Lent 2008

A long-standing dilemma for those who are serious about marking the season of Lent is whether to give something up (booze, chocolate, church meetings or whatever) or take something extra on (commitment to a cause serving other people, or justice and peace, or the environment, or making time for concerts and exhibitions, or additional church activities). Or maybe a bit of both?

The traditional disciplines of fasting and self-denial are unfashionable, but remain important – and are well-understood by our Muslim neighbours, to whom we need to bear a convincing witness. We do these things, not for their own sake, still less to demonstrate our piety (do them in secret, says Jesus), but in order to simplify cluttered lives and focus on essentials, as laid out in the gospels. (Which is a good reason not to have unnecessary church meetings.) Lent needs its own feel – sombre and serious – but should not be joyless!

Some of you already picked up one or more extra commitments at the ‘action stations’ tables in our service for the Week of Prayer for Christian Unity, and Lent is a good time to work on them. And making it a priority to attend not only the Sunday service, but a midweek one too, with opportunity for fellowship and discussion, is particularly appropriate too.

So what we propose at St George’s is a Lenten – and very Anglican! – balance between ‘less’ and ‘more’. To start the process, and set the tone, we have a pancake party on Shrove Tuesday, at 7pm in the Rectory. (We can’t use the crypt because it is NTMTC night – but have future plans for events there!) Pancakes will be provided, but please bring food to share.
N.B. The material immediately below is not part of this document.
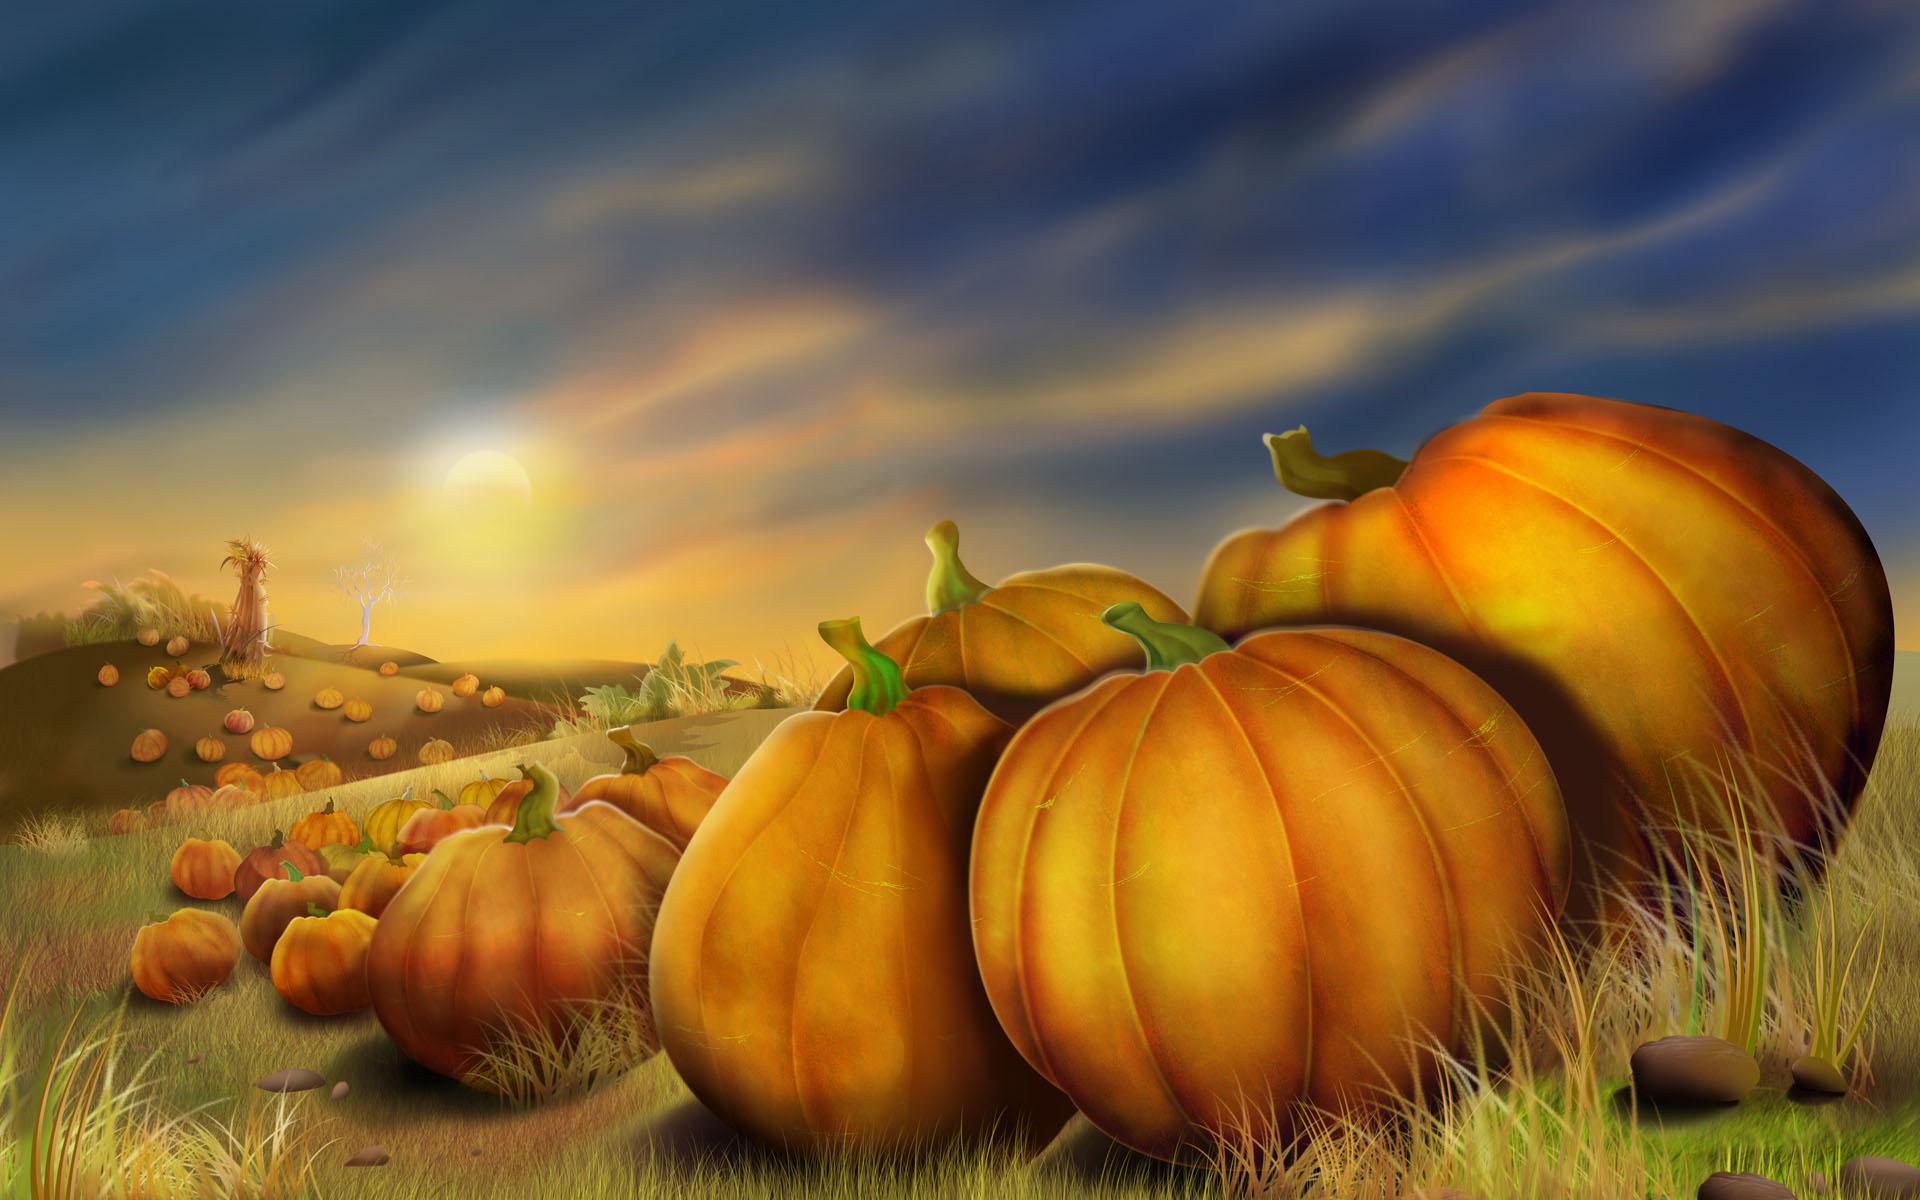 nature, pumpkins - desktop wallpaper

Children are especially welcome, and you can come and go as you wish. On Ash Wednesday, St Paul’s School will come into church at 9.30am (for which we need last year’s palm crosses for burning – please bring them to church the previous Sunday), and the eucharist will be celebrated at 1pm and 7.30pm, with the imposition of ashes at both services.

On subsequent Wednesdays, the 1pm service will be followed by a simple lunch of bread and soup (bring your own sandwiches and/or fruit), with discussion, for those who can stay. And there will be an additional event each Thursday from 7.30-9pm, in the panelled room, beginning with a short eucharist and leading into a study session. Rather than use one of the published Lent courses we have opted to produce our own sessions, reflecting the issues and concerns of our congregation: a mix of biblical, liturgical and ethical themes.

We are committed to sharing Lent and Holy Week with St Mary’s. Although we will have separate events on Thursday evenings (their service and study group is at 7pm), some of us plan to be with them on Saturday mornings at the 10am eucharist followed by a time of silence, and some of them hope to be with us on Wednesday lunchtimes. This also gives a wider range of options for those who cannot get to servcies at their own church.

More on Holy Week next time, but note that 2 March is Mothering Sunday and will be a special all-age service. Plan to be present, so that those who are going on to visit their mums can take them the church’s blessing. This service will also focus on the diocesan Lent Appeal…..

.which is part of our ‘something more’. Leaflets will be available in church, and Gift Aid envelopes, so that we can play our part in helping the Diocese of London to build three schools, at a cost of £25,000 each, to serve just a few of the 2 million children in our partner dioceses in Angola and Mozambique who have no access to education. Our other Lent appeal – running throughout the season by inviting you to save your ‘spare’ change – is for WaterAid, which does basic but brilliant work in bringing safe, clean water to communities in the developing world. Both are practical corollaries of our faith: of our baptism through the water of life, and of growth and nurture ‘into the full stature of Christ’.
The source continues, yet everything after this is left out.